One of my favorite wildflowers is the tiny eastern forked blue curls (Trichostema dichotomum) and it has just started blooming. The plant barely reaches 6 inches tall and the flowers might make a half inch across on a good day, so it’s a challenging plant to photograph. One unusual thing about the flower, other than its unique beauty, is its four long, arching stamens that dust bees with pollen when they land on its lower lip. This plant is an annual that grows from seed each year. It seems to like sandy soil and I find it growing along river banks.

 2. Rosebay Willowherb

Nature must have been in a secret revealing mood as I drove down an old dirt road recently. This very beautiful rosebay willowherb (Chamerion angustifolium) grew just off the side of the road at the edge of a swamp. At least, I think it is rosebay willowherb; I’ve never seen it before and there seems to be some confusion among sources about the regions it grows in. According to the USDA it doesn’t grow in New England, but the University of Maine lists it in its database. Another name for the plant is fireweed and Henry David Thoreau mentions seeing great stands of it in 1857, so I’m wondering if the USDA map is be incorrect. If you live in New Hampshire and have seen this plant I’d love to hear from you.

 3. Bull Thistle

Just look at those thorns. They felt the need to remind me how sharp they were when I was trying to take this photo. Bull thistle (Cirsium vulgare) originally hails from Europe. It is thought to have been introduced in the colonial era and has spread throughout the United States, much to the dismay of farmers and cattle ranchers. It is also called spear thistle, with good reason. I wonder if it was imported intentionally or accidentally.
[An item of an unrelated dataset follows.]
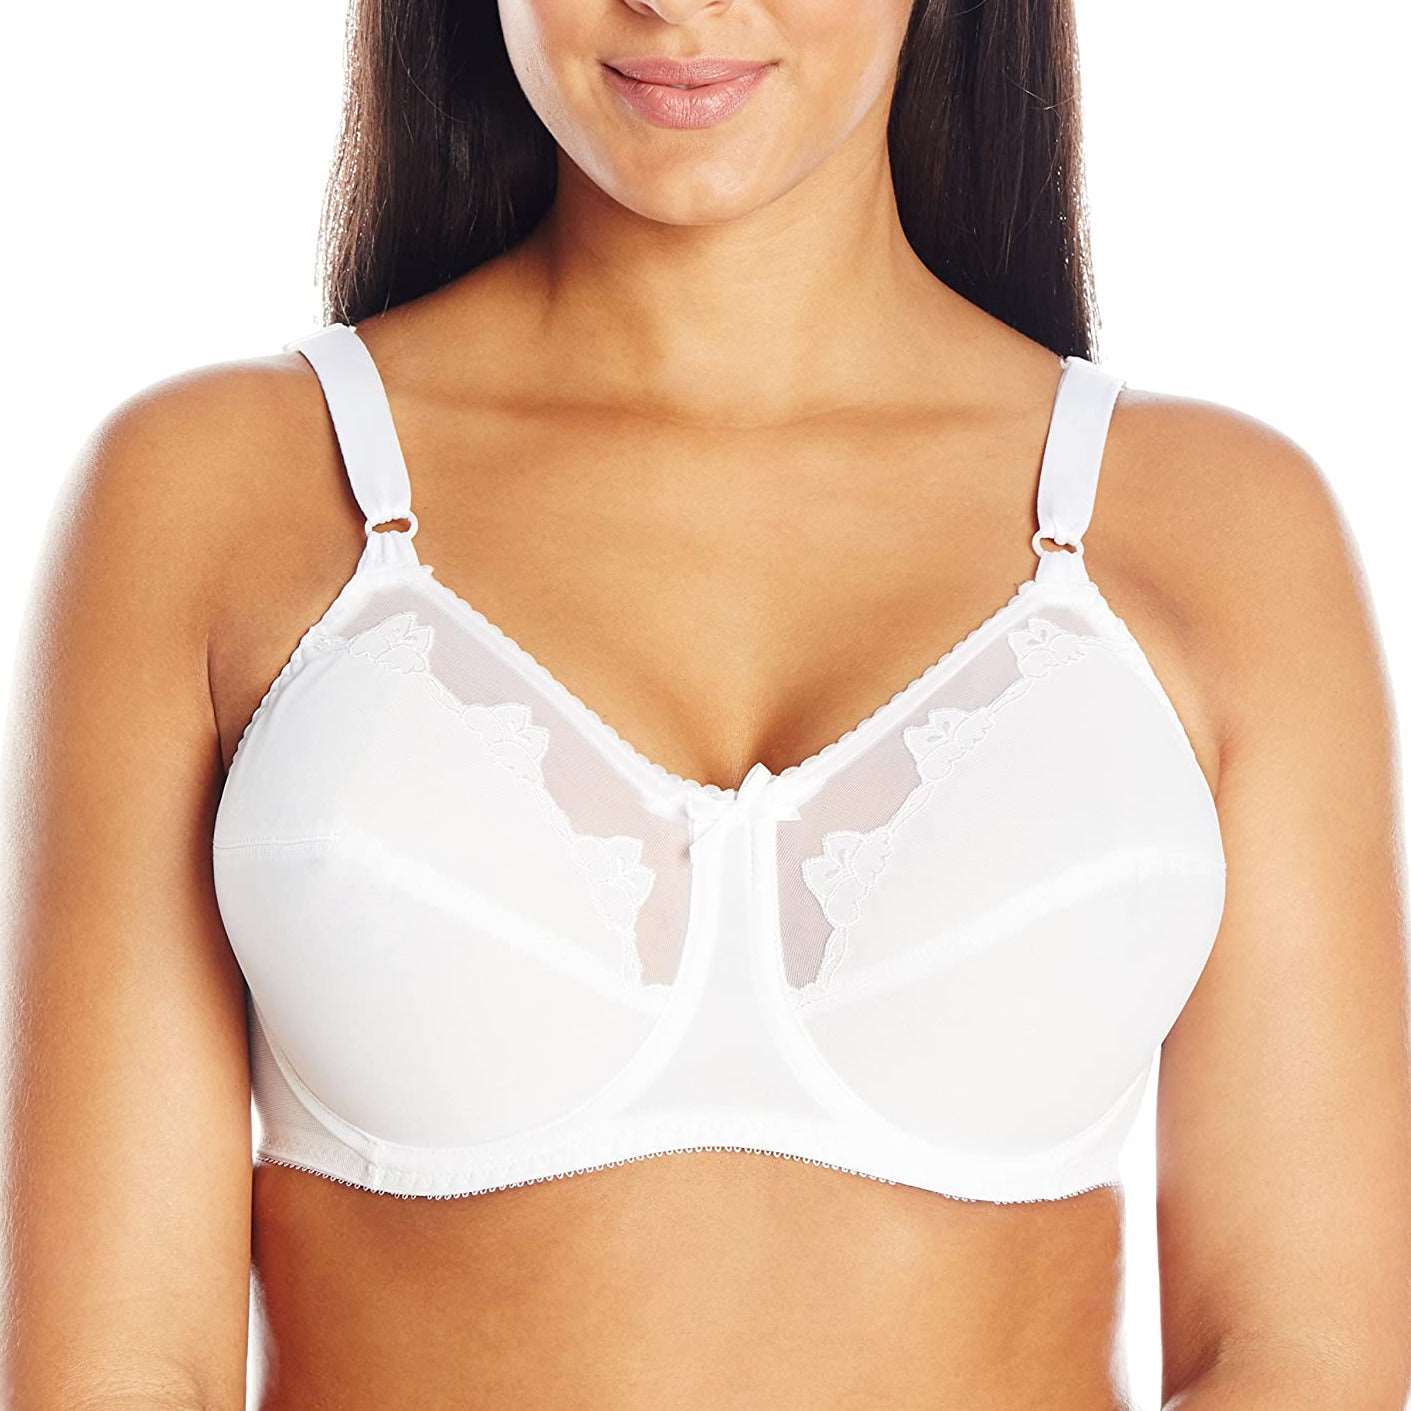 Flower by Bali Underwire White Bra Band 48 Multiple Cup Sizes

 4. Broad Leaved Helleborine aka Epipactis helleborine

Another European import is the broad leaved helleborine orchid (Epipactis helleborine.) Imported as an ornamental in the 1800s, it escaped cultivation and found a new home. It could hardly be called invasive in this area though; I know of only two places where it grows and in one of those places there is just a single plant. It grows to about knee high in deep shade, making it a challenge to photograph.

5. Broad Leaved Helleborine aka Epipactis helleborine

The pencil eraser size flowers of broad leaved helleborine resemble our pink ladies slipper in shape but are mostly green with hints of purple. Some plants have flowers that are much more purple than others. Its leaves closely resemble those of false hellebore (Veratrum viride) but are much smaller.

 6. Burdock Flower

Burdock (Arctium lappa) is a good example of a biennial plant. In the first year of life it grows leaves and in the second year it flowers, sets seeds, and dies. This is what biennials do, so we know that its tubular flowers with purple stamens and white styles signal that it is close to finishing its journey. There is no reason to grieve though, because the germination rate of its seeds is high and there will surely be burdocks for many years to come.

Burdock is said to have been introduced from Europe because it was noted in 1672 by self-styled naturalist John Josselyn, who wrote that it had “sprung up since the English Planted and kept Cattle in New-England.” He said the same thing about the dandelion, but fossil evidence proved him wrong. Native American tribes across the country had many uses for burdock, both as a medicine and food, so some form of the plant had to have been here long before European settlers arrived.

7. Flowering Raspberry

Many plants have had an extended bloom period this year and purple flowering raspberry (Rubus odoratus) is no exception. I’m still seeing its flowers here and there, even though the plant usually stops blooming a month after it starts in mid-June. I’ve always liked its two inch, rose like blossoms. If you’re looking for a shade tolerant flowering shrub this one is a good choice.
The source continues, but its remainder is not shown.